The Road to Phongsali
Trip Start Jan 26, 2005
45Trip End Jul 29, 2005
Day One: The first leg of our journey involved chartering a longtail boat north up the Nam Ou (about 5 hrs). Along the way, we stopped in a lovely little village, a smaller and much quieter version of Muang Ngoi Neua. The locals were very surprised to see foreigners. I suspect that most people that do head up this way don't bother to stop. It actually felt a bit uncomfortable, intrusive - almost like we shouldn't be there.
We reached the first town we had to pass through where we ate at the worst restaurant I have been to yet. Along with my iced lemon juice I received a bonus - ants swimming at the bottom of my glass
Day Two: we hopped on a sawngthaew to Phongsali. A journey that we were told would take 4 hours ended up taking us 8. But, it was certainly an interesting ride. Highlights were:
1) very long, very bumby and incredibly dusty ride. It was so bad at times that you couldn't even breathe and everything was coated with a layer of dust
2) a very large, black spider with white and orange markings (Jo and I swore it had to be poisonous) climbing directly above our heads.

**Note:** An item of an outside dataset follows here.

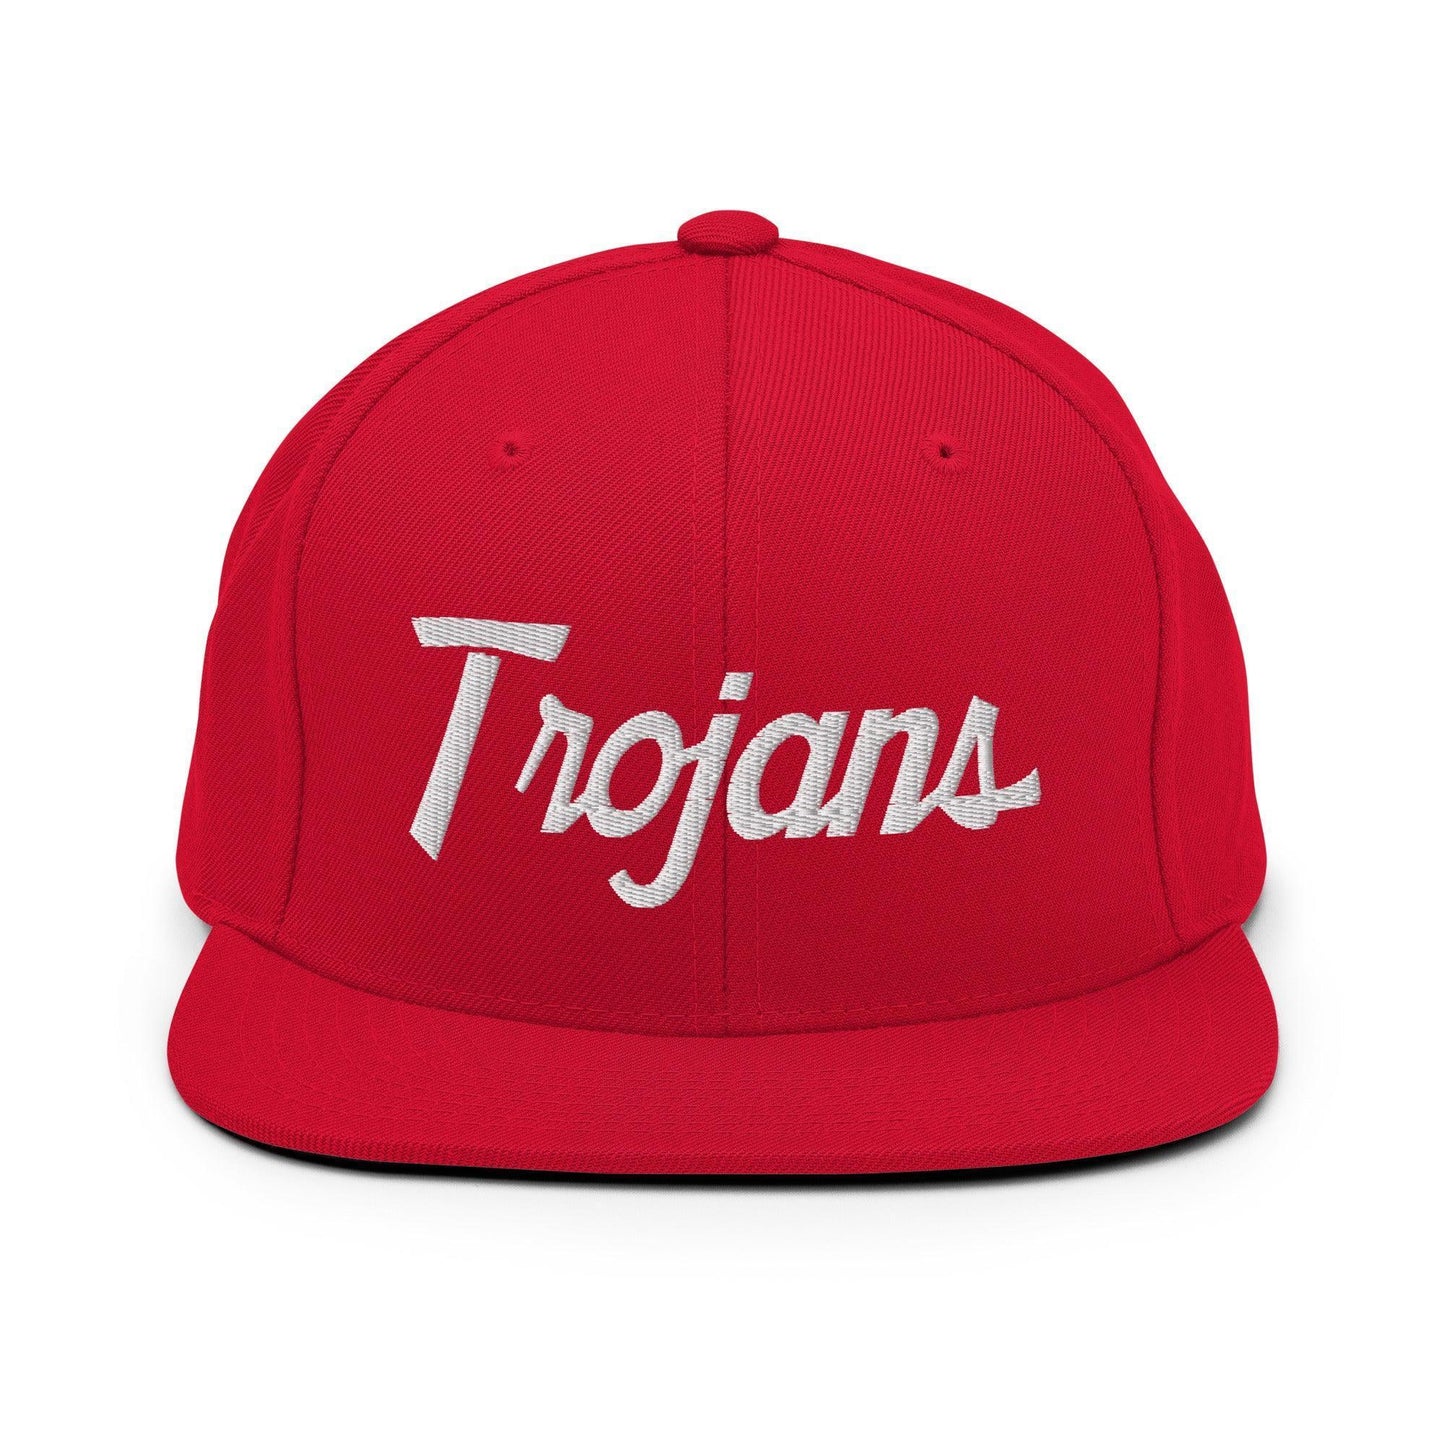 Trojans School Mascot Script Snapback Hat Red

3) a guy sitting across from us who was carrying a dead chicken in his backpack. The feet sticking out of the top weren't really all that exciting. What did shock us was the fact that the guy proceeded to break off one of the claws so that he could use it as a knife to cut apart a vegetable which he then ate. Yum!
4) we broke down three times. At one point, our driver/mechanic dressed in a golf shirt and very short white shorts (a la John McEnroe) was using his mouth and a hose to siphon some sort of fluid (I assume oil) out of the vehicle to execute our repairs.
Finally, we arrive in Phongsali. Thinking that it is the big city of northern Lao we were looking forward to at least a few small luxuries. Nope - no internet; international phone calls only available from 9am-3pm, Monday to Friday. Not quite what we expected. But it was definitely a quiet place to hang out for a couple of days. Our original plan was to go trekking but Jo, Mark and I backed out. With the rainy season in full force we were a bit worried - the paths would be muddy, slippery and treacherous, there would be loads of leeches, and I didn't have a lot of confidence in the guide. Turns out this was a good decision (the guide actually got lost) but the trip there was still a blast!